21On remand, since your arrest, you have resolved to remain drug-free. You have recognised that you have become addicted and you have positively engaged with your case worker and begun the steps towards your recovery and rehabilitation. Tendered on the plea as exhibit 3PS, was a report from
Mr Patrick Newton, clinical and forensic psychologist, dated 21 November 2001. You reported the history of your drug use, and you recognised that it had gotten out of control. You noted how drug use had become central to your relationships and to your life during 2018, and you had made a resolution at the start of 2019 to, 'get your life back in control'.22That resolution succumbed to the repeated encouragement from so-called friends to return to drug use. Not wanting to be abandoned by this cohort of friends, you did their bidding. Mr Newton sets out clearly how drug use allowed you to overcome your feelings of insecurity and how the offending:
'… not only allowed him to ingratiate himself with other drug users but also provided Mr Singh with a way of gaining broader kudos: thus enhancing his own status in the group'.
23Your drug use of course led to your isolation and it undermined the very connections that you had with your family and with non-drug-using friends. As a result, Mr Newton stated, 'his drug use actually served to exacerbate the very problems that he was hoping to solve through it'.
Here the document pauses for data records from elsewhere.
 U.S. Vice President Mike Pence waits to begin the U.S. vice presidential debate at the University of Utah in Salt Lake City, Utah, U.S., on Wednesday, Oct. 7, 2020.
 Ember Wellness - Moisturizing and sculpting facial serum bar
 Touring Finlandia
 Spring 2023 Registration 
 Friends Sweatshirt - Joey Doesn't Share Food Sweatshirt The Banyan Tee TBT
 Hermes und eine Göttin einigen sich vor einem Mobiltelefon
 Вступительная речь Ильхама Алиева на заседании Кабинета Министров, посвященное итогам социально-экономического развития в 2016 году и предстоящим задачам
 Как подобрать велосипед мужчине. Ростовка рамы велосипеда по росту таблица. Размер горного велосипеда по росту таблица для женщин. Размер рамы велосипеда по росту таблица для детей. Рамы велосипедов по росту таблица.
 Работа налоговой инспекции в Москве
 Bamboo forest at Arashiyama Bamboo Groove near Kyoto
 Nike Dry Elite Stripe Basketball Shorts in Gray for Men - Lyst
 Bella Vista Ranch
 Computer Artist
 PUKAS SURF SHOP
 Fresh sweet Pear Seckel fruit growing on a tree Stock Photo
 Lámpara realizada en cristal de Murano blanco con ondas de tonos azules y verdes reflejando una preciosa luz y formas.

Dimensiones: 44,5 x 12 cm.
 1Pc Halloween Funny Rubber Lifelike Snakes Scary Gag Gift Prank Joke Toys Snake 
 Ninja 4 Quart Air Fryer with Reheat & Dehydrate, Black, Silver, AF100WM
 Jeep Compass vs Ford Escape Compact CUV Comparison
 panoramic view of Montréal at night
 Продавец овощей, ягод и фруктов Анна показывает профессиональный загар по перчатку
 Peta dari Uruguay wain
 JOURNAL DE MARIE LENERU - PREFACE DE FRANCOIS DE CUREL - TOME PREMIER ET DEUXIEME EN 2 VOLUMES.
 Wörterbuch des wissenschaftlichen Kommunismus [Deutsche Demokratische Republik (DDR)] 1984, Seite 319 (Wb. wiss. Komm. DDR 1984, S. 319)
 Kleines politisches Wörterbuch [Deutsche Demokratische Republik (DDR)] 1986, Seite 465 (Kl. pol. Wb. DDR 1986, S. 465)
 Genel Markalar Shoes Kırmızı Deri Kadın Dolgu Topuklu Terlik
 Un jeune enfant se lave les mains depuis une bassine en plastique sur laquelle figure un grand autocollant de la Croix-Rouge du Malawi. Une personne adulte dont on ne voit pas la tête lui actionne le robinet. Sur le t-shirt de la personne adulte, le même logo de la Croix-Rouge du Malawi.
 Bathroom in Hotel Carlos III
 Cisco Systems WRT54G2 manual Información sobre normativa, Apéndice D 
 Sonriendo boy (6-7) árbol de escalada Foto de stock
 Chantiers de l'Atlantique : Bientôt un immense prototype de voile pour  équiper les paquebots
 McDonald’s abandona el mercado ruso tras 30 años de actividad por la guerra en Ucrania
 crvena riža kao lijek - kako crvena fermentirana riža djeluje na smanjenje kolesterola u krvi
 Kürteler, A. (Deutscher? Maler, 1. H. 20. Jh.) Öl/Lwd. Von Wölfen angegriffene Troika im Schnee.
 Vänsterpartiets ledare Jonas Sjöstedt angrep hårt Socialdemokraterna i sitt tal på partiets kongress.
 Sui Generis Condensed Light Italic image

24To Mr Newton you expressed remorse and regret for your conduct. You demonstrated insight, stating that your former rationalisations for your conduct now seemed hollow and foolish. Further, you demonstrated an awareness of the risks inherent in your drug use and hence of the risks which supplying your friends with drugs had entailed for them. You also demonstrated an awareness of the gravity of the charges that you are now facing. In
Mr Newton's opinion, your manifest symptoms incorporated both reactive factors related to your legal matters as well as more chronic issues related to your self-esteem and your sense of identity. He states: 'his feelings of shame and embarrassment are contributing to a self-punitive dialogue that feeds his depression'.25Mr Newton's opinion was that your symptoms were sufficiently severe to warrant a diagnosis of an adjustment disorder with mixed anxiety and depressed mood. He also opined that your drug use had been sufficiently severe to warrant a diagnosis of moderate substance use disorder. The choices that you have made since your arrest have placed that disorder in remission and importantly, in my view, you are able to discuss with Mr Newton the connection between your depression and your drug use and the role played by your connection to drug-using friends.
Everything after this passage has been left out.